Ichabod Dawks (1661?1730; fl. 16731730)

Identifiers

Occupations

  • Printer

Dates

  • Apprenticeship: 1673

Ichabod Dawks, printer, 1673–1730; in Blackfriars; in Wardrobe Court, in Great Carter Lane.

He married Sarah Cowles at Holy Trinity church, Chester, Cheshire, 3 August 1687. Sarah appears to have carried on the printing business for several years after his death.

A Dictionary of the Printers and Booksellers who were at Work in England, Scotland and Ireland from 1668 to 1725, by Henry Plomer (1922)

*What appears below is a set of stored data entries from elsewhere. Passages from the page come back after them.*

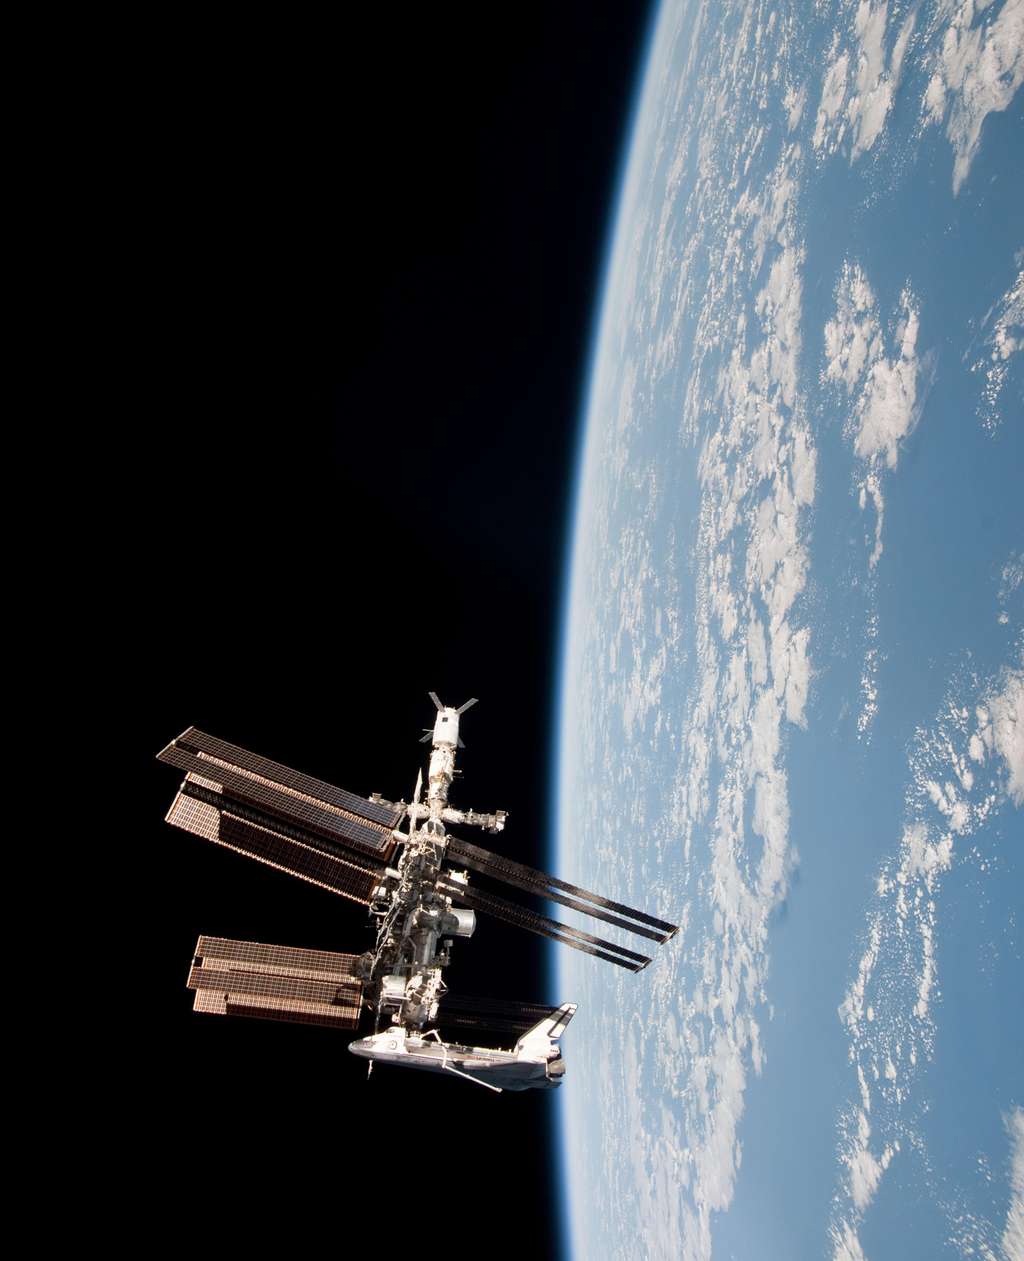 Cette image permet de se faire une idée de la taille de l'ISS en la comparant avec celle de la navette Endeavour, longue de 37 mètres pour une envergure de plus de 23 mètres. © Nasa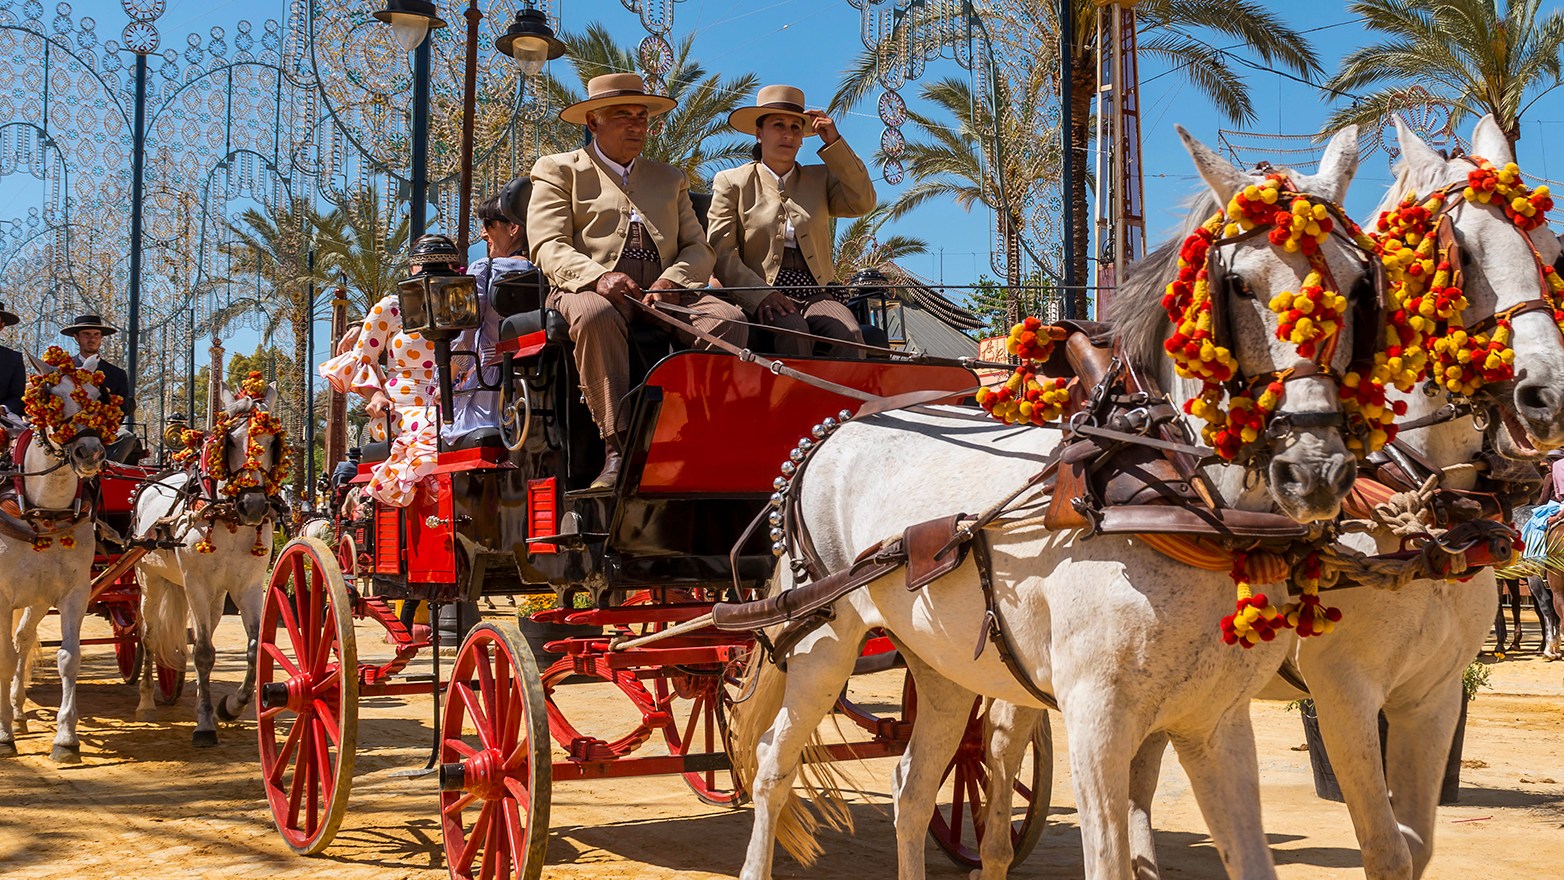 Traditional festivities in Feria de Caballo, Jerez de la Frontera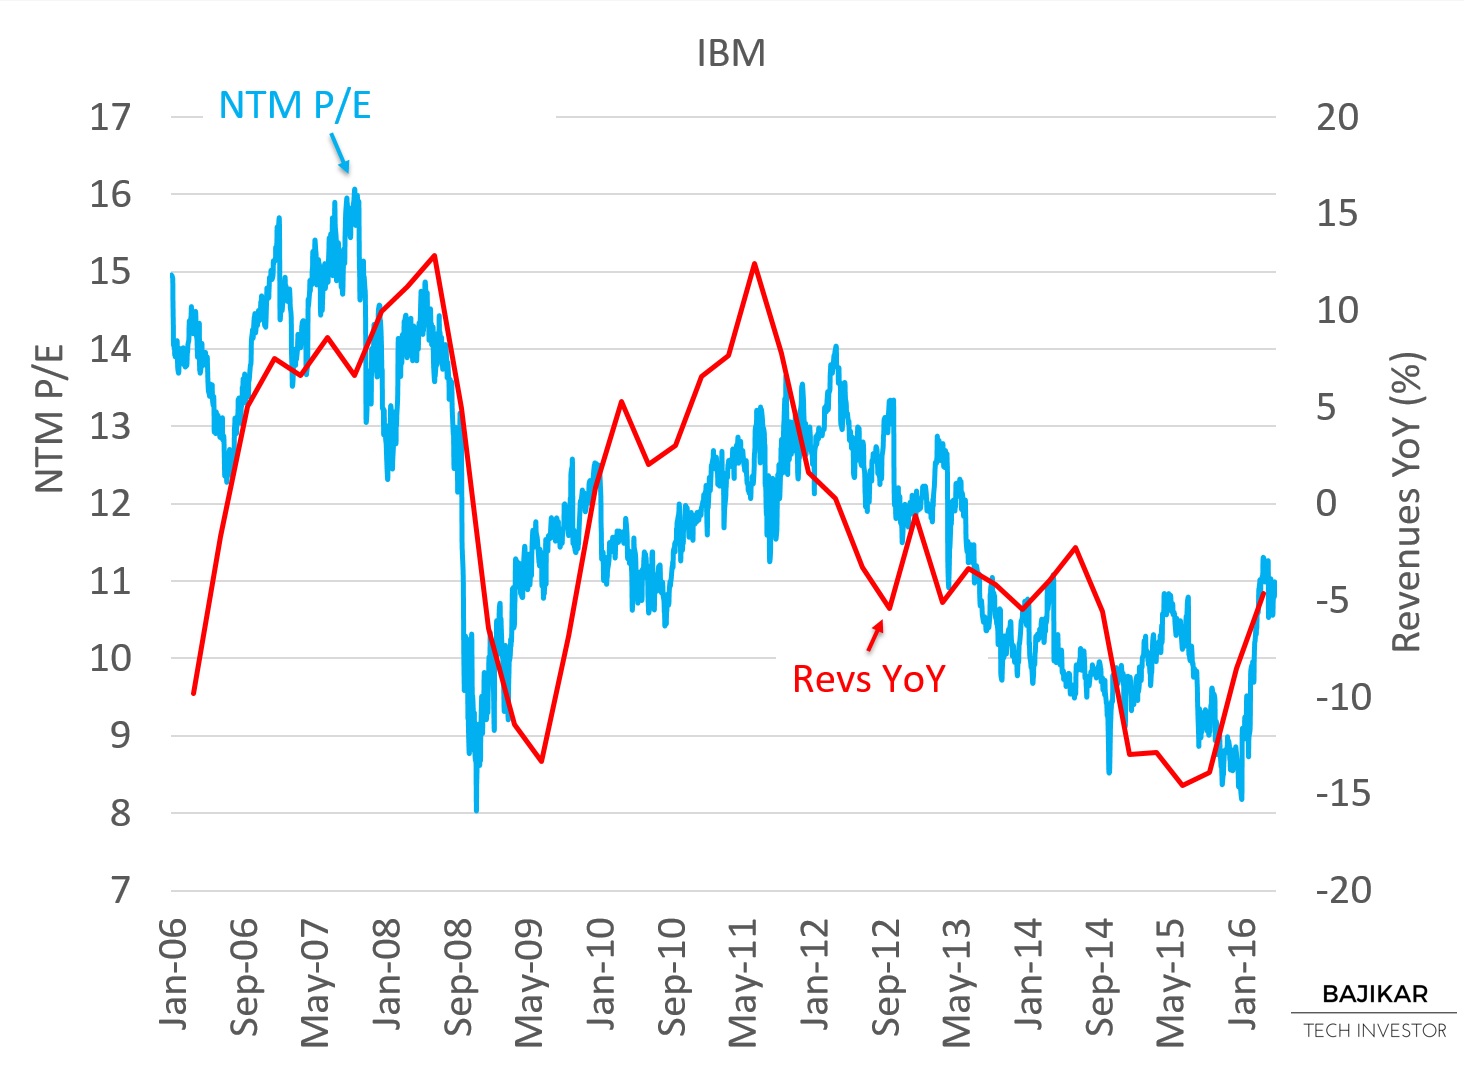 IBM NTM P/E vs. Revenues YoY

DAWKS (ICHABOD), printer in London, (1) Blackfriars; (2) Wardrobe Court, Great Carter Lane. 1673–1730. Eldest son of Thomas Dawks the younger. Born at Westerham in Kent, September 22nd, 1661. On May 16th, 1673, he went with his father to work at Mrs. Maxwell's printing office, but in the following year they transferred their services to Mrs. Flesher. Ichabod Dawks married on August 3rd, 1687. In 1694 he petitioned the Court of Assistants of the Stationers Company, representing the inconvenience of the press at Chester, and that it was reasonable to suspect that many of the late pamphlets might be printed there, there being no one to overlook it. The court agreed that a representation be made of it to one of the secretaries of State. [Records of the Stat. Co.] He is chiefly remembered as the founder of the newspaper known as Dawks' News-Letter, which was distinguished from other papers of the time by being printed on writing paper in script type, with a blank space left for correspondences. It continued until 1715, perhaps later; but copies are rare, and complete sets unknown. Dawks was also the printer of a sheet called The Protestant Mercury, issued in 1697. His name rarely appears in the Term Catalogue. He died February 27th, 1730, and was buried at Low Leyton. [D.N.B., Timperley, p. 660; Nichols, Lit. Anecd., I. 3, 72, 118, 373; II. 161; III. 176, 290–1; IV. 9.] 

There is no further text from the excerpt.